Begun around 1822, Hornor worked on his panorama from a cabin atop St Paul’s dome, balanced on scaffolding constructed for repairs. Attempts to print the panorama, however, proved uncommercial, and it was transferred to a forty-two thousand-square-foot canvas to be exhibited in a dome – second in size only to St Paul’s itself – designed for the purpose by Decimus Burton and built in Regent’s Park with the backing of the banker and politician Rowland Stephenson. This, too, proved costly: Stephenson fled to America in 1828 to escape debts, Hornor was forced to open the unfinished panorama to the public in 1829, was himself left in debt and forced to sell the so-called Colosseum in 1835, and similarly fled to the USA, dying ‘in penury (and possibly insane) in New York city’ in 1844 (ODNB). The project was eventually completed in 1844 and reopened in 1845; it saw considerable success in the early years, but waned in popularity in the 1850s and was finally demolished in 1875.

The panorama is here divided into eight sections, each with a printed key: the first looks West over Fleet Street, Chancery Lane, and the Inns of Court, with Harrow-on-the-Hill, Primrose Hill, and Hampstead Heath in the distance, and the Colosseum itself added in Regent’s Park; the next looks out over Paternoster Row towards Highgate, Kentish Town, and Holloway, with Smithfield, St Bartholomew’s, and Little Britain, and the literary meeting-point Dolly’s Chop House prominently marked in the foreground; the third looks North towards the developing suburbs of Hackney, Stoke Newington, and Bethnal Green; the fourth and fifth show an unrecognisable view over the Isle of Dogs and Thames Estuary beyond Blackwall and Woolwich, with the Tower and the Monument prominent above their surroundings; the sixth and seventh show a variety of steam- and sailships and a throng of wharves and warehouses along the river upstream of Southwark Bridge (completed 1819) and St Saviour’s (the future Southwark Cathedral), and beyond it roads and settlements continuing towards Streatham; in the final and most impressive section we see, over St Paul’s south-west tower, the Thames bending towards the Strand, the West End, Whitehall, and Westminster, a view up the Mall to Buckingham Palace, with Waterloo Bridge (1817) and Westminster and Blackfriars Bridges (both demolished in the 1860s).

The present version of Hornor’s panorama is printed by geomontography, a technique developed at the end of the 1830s by Georg Michael Bauerkeller (1805–1886) which, although more often used for maps, is exceptionally well-suited to a panorama, with the bands of colour imitating light on the horizon and the embossed outlines giving a sense of depth.

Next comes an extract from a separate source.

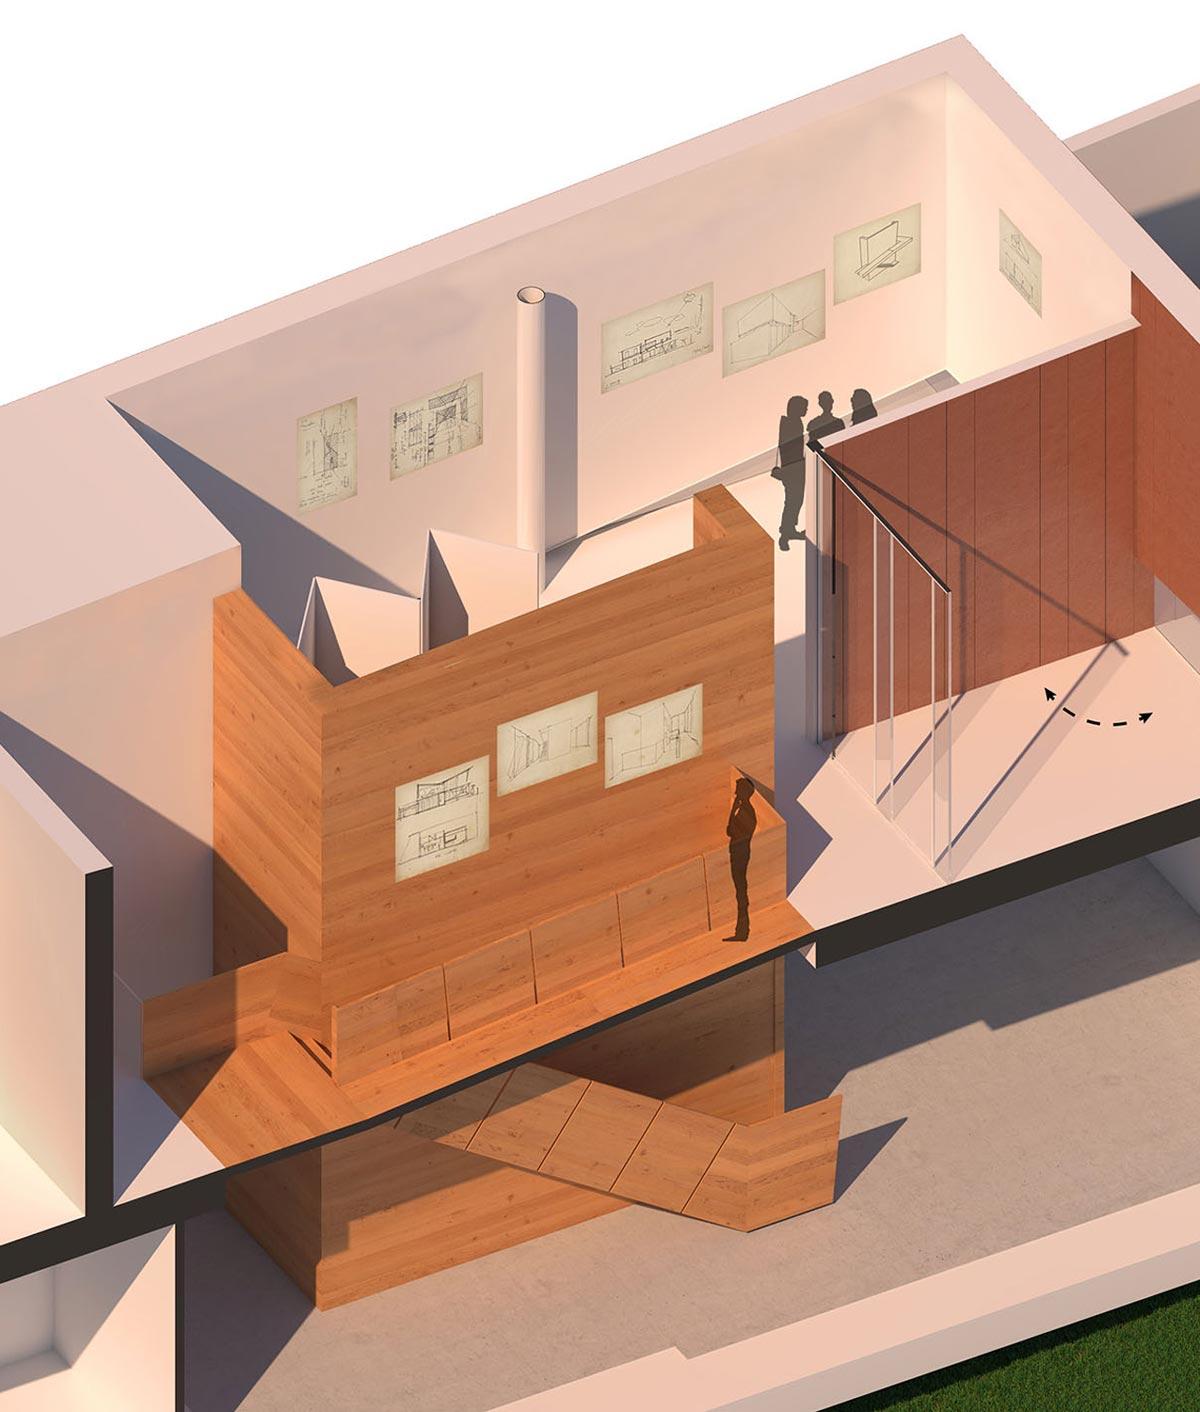 Schema tridimensionale della passerella che collega i vari piani e di un utente che visualizza le opere d'arte all'interno
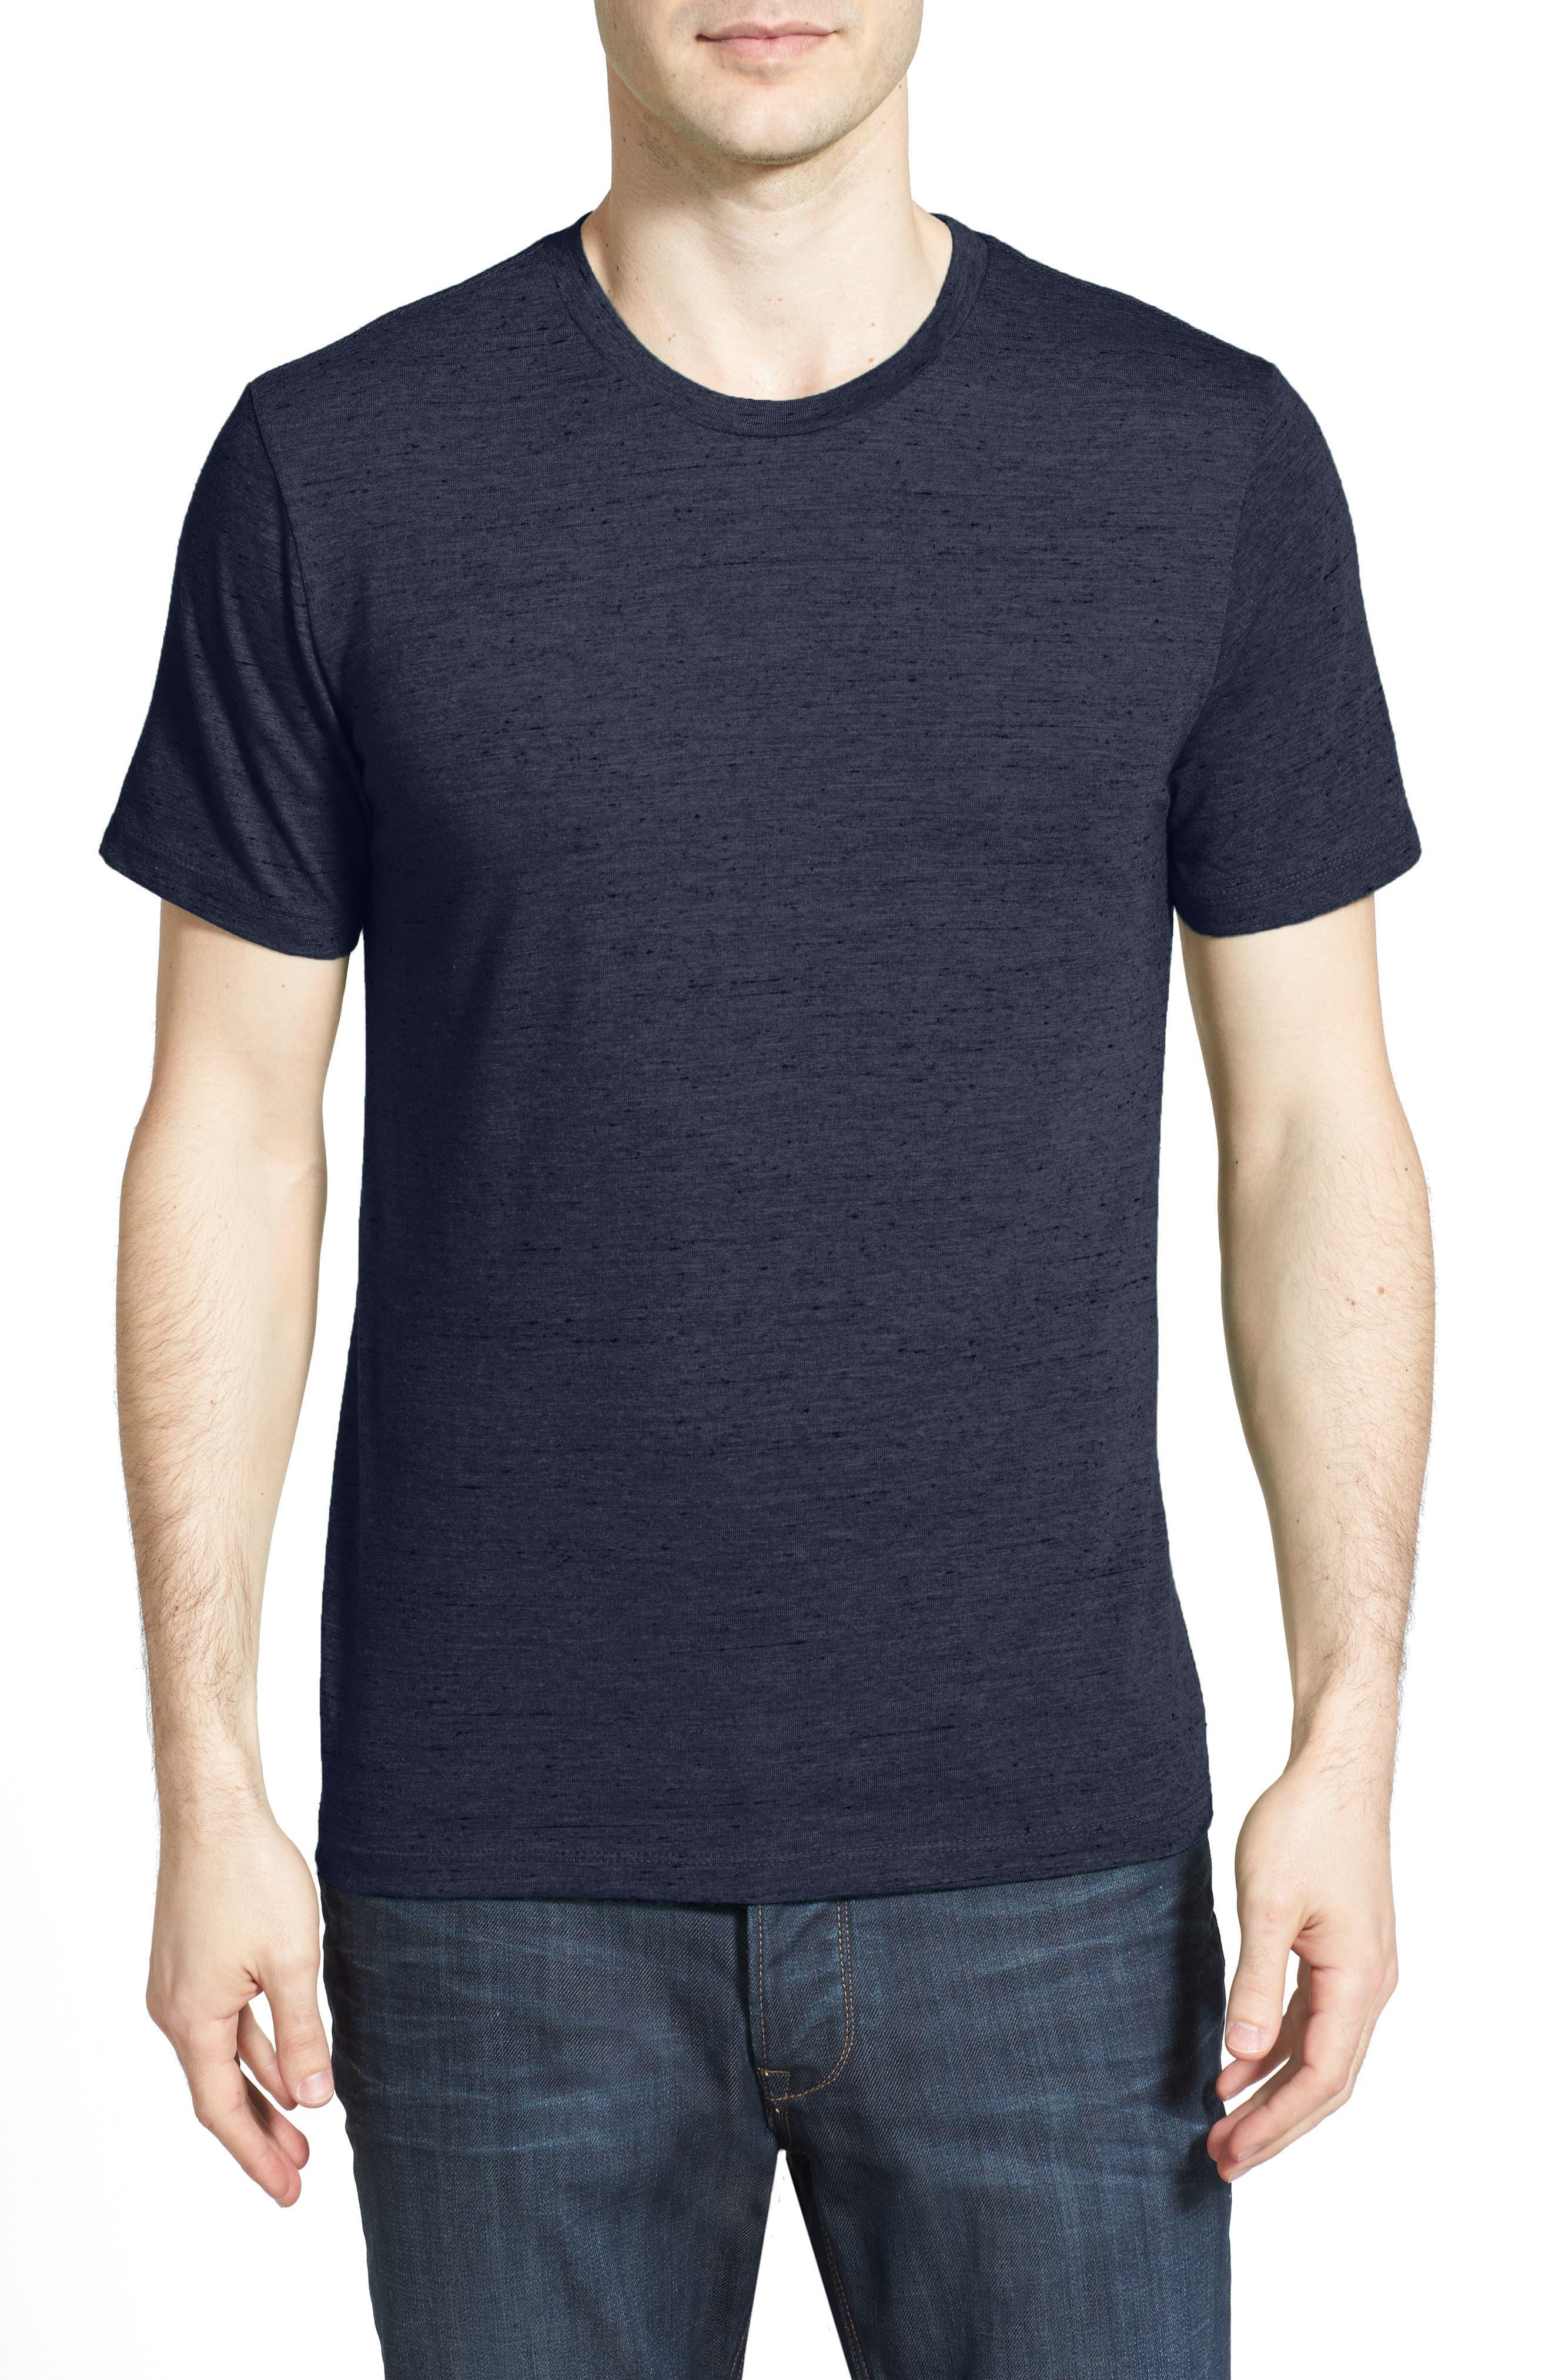 ee2a9adfa Urban Clothing, Urban Wear   Nordstrom

The sheets of the panorama were produced by short-lived partnership of Kronheim & Skirving, formed in August 1845 and dissolved in January 1847; they appear to have been issued both as here and also as plates to A Description of the Colosseum as re-opened in MDCCCXLV; unsold copies were likely bought up by Benjamin Wertheim, who marketed them as a continuous panorama – having cut short the sides of each sheet – in December 1847.

Library Hub finds no copies under this title in the UK; OCLC records only two copies in the US (Folger, Yale).